Children whose parents are filing the suit were the alleged victims of Mark Berndt, who was a teacher at Miramonte Elementary School and is awaiting trial for 23 counts of lewd acts on children. Berndt pleaded not guilty at his arraignment earlier this year, and is being held on a $23 million bond.
The 23 victims were between 7 and 10 years old, and all but two of them were girls, the Los Angeles County District Attorney’s Office said.
The 14 mothers’ lawsuit says Berndt took photographs of their children “with cookies in the mouths of plaintiff’s children, and/or blindfolded the children, and/or placed cockroaches on the bodies of plaintiff’s children, for the intent of arousing and gratifying the lust, passions and sexual desires of Mark Berndt.”
At the end of last year, Berndt, who is 61, was accused of spoonfeeding students his bodily fluids and taking bondage photos of the children in the classroom during school hours. Even then, the district couldn’t find a way to dismiss him from his job, instead paying Berndt $40,000 to voluntarily resign and drop the appeals against the decisions to fire him.
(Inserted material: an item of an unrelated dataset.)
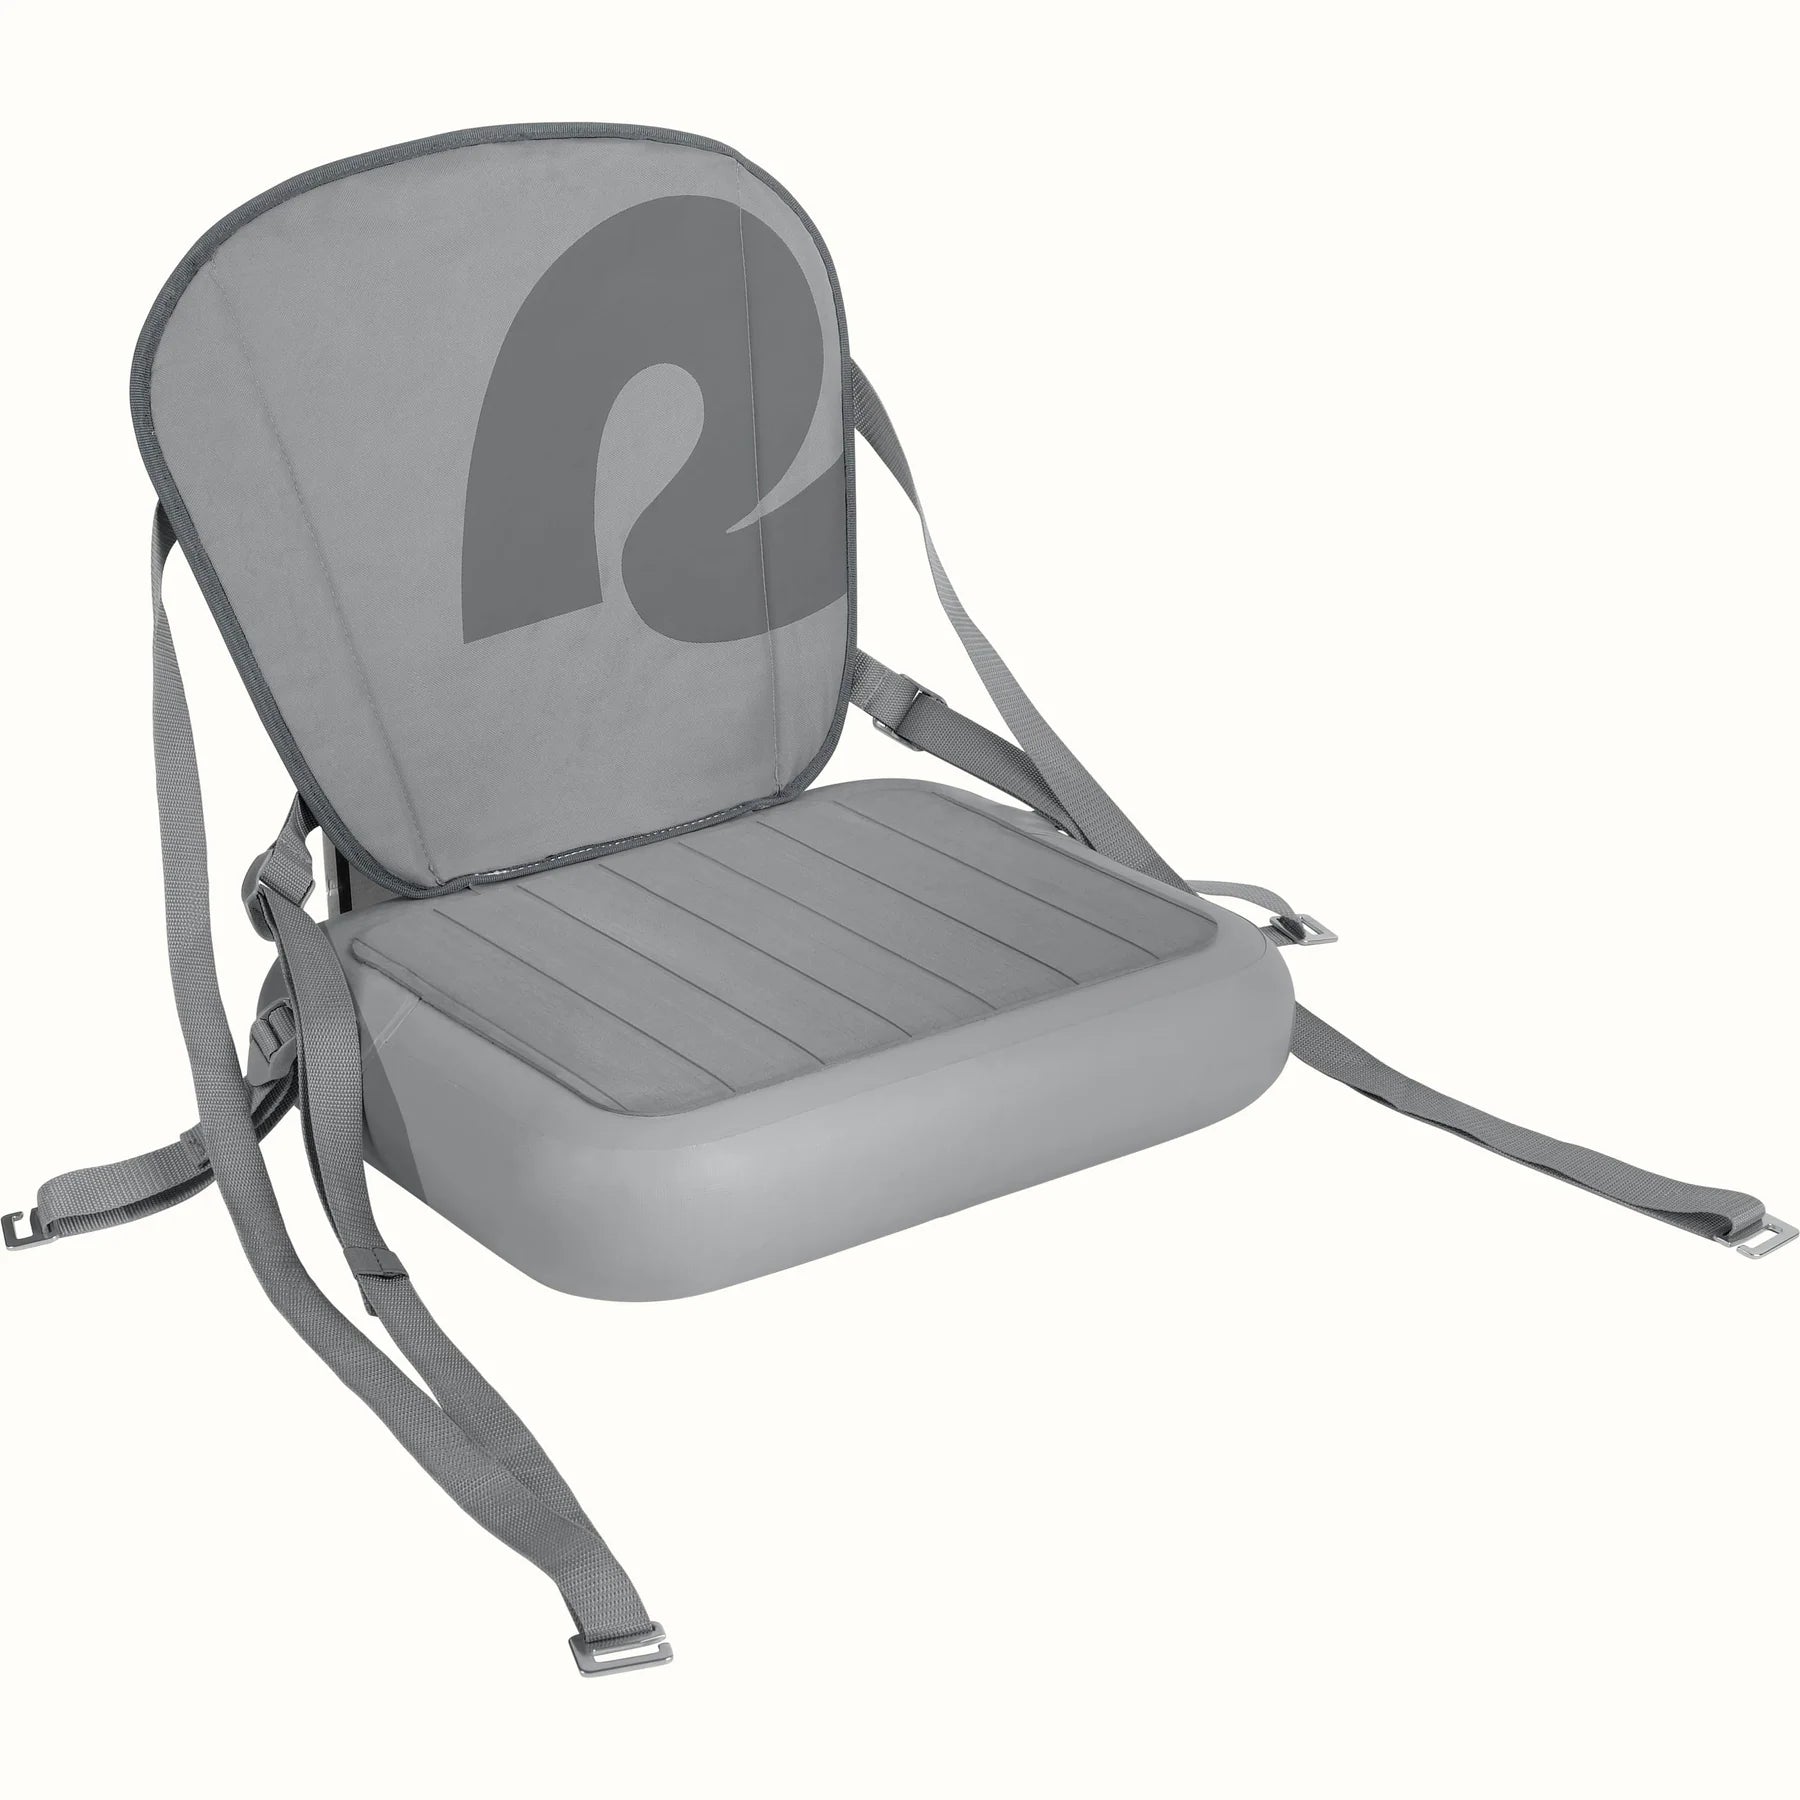 RETROSPEC - AerComfort Inflatable Kayak Seat

Later, district superintendent John Deasy and other officials said that the accusations so betrayed the public trust, that the LAUSD had no choice but to remove the entire staff at Miramonte Elementary. In all, 150 people were replaced.
This case highlighted that it has become impossible to remove a teacher even for gross affronts to public decency and widespread sexual abuse of his position — and the children under his care.
The publicity surrounding the case has led to calls to simplifying the process of teacher removal in the district. The city’s mayor, Antonio Villaraigosa, wrote a letter to the California Governor Jerry Brown in March that said that dismissal procedures employed in the LAUSD needed to be streamlined.